Opinion Models, Election Data, and Political Theory.

Abstract

A unifying setup for opinion models originating in statistical physics and stochastic opinion dynamics are developed and used to analyze election data. The results are interpreted in the light of political theory. We investigate the connection between Potts (Curie-Weiss) models and stochastic opinion models in the view of the Boltzmann distribution and stochastic Glauber dynamics. We particularly find that the q-voter model can be considered as a natural extension of the Zealot model, which is adapted by Lagrangian parameters. We also discuss weak and strong effects (also called extensive and nonextensive) continuum limits for the models. The results are used to compare the Curie-Weiss model, two q-voter models (weak and strong effects), and a reinforcement model (weak effects) in explaining electoral outcomes in four western democracies (United States, Great Britain, France, and Germany).
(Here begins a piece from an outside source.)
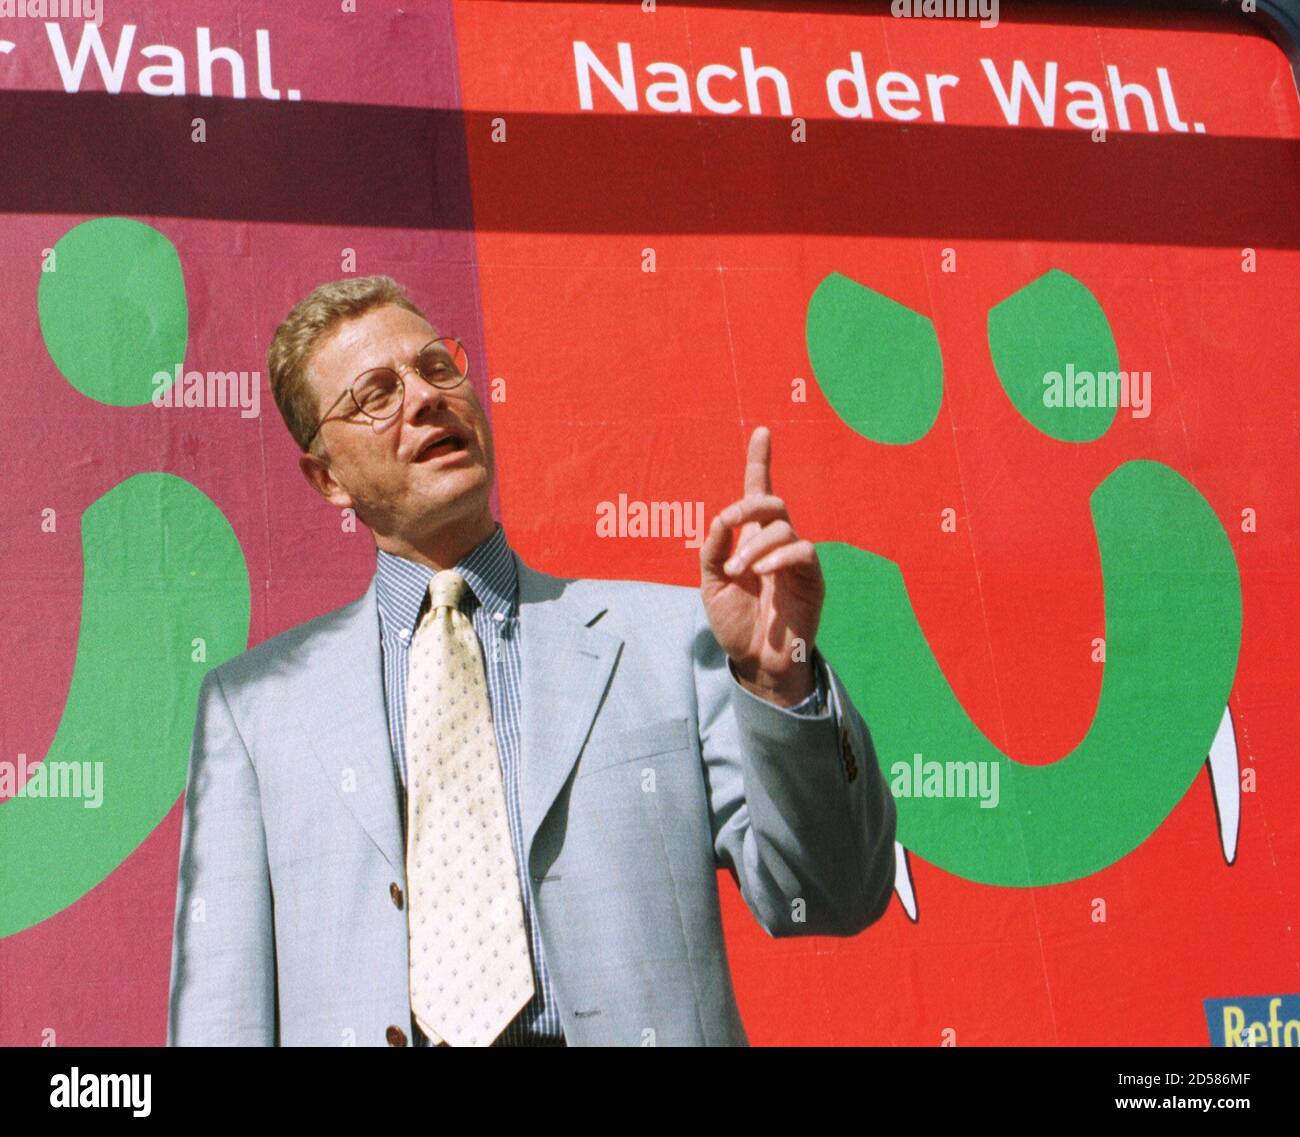 Guido Westerwelle, Generalsekretär der freien Liberalen Partei FDP deutet auf eine neue Wahl-Kampagne-Plakat in Bonn Juni 8. Die FDP' s neue Plakat ist eine Karikatur von einem Wahlplakat der grünen Partei zeigen ein lächelndes Gesicht mit Dracula Zähne und liest "nach den Wahlen" ("Nach der Wahl"). Deutschland wählt einen neuen Kanzler in den allgemeinen Wahlen im September 27. Stockfoto

We find that particularly the weak effects models are able to fit the data (Kolmogorov-Smirnov test) where the weak effects reinforcement model performs best (AIC). Additionally, we show how the institutional structure shapes the process of opinion formation. By focusing on the dynamics of opinion formation preceding the act of voting, the models discussed in this paper give insights both into the empirical explanation of elections as such, as well as important aspects of the theory of democracy. Therefore, this paper shows the usefulness of an interdisciplinary approach in studying real world political outcomes by using mathematical models.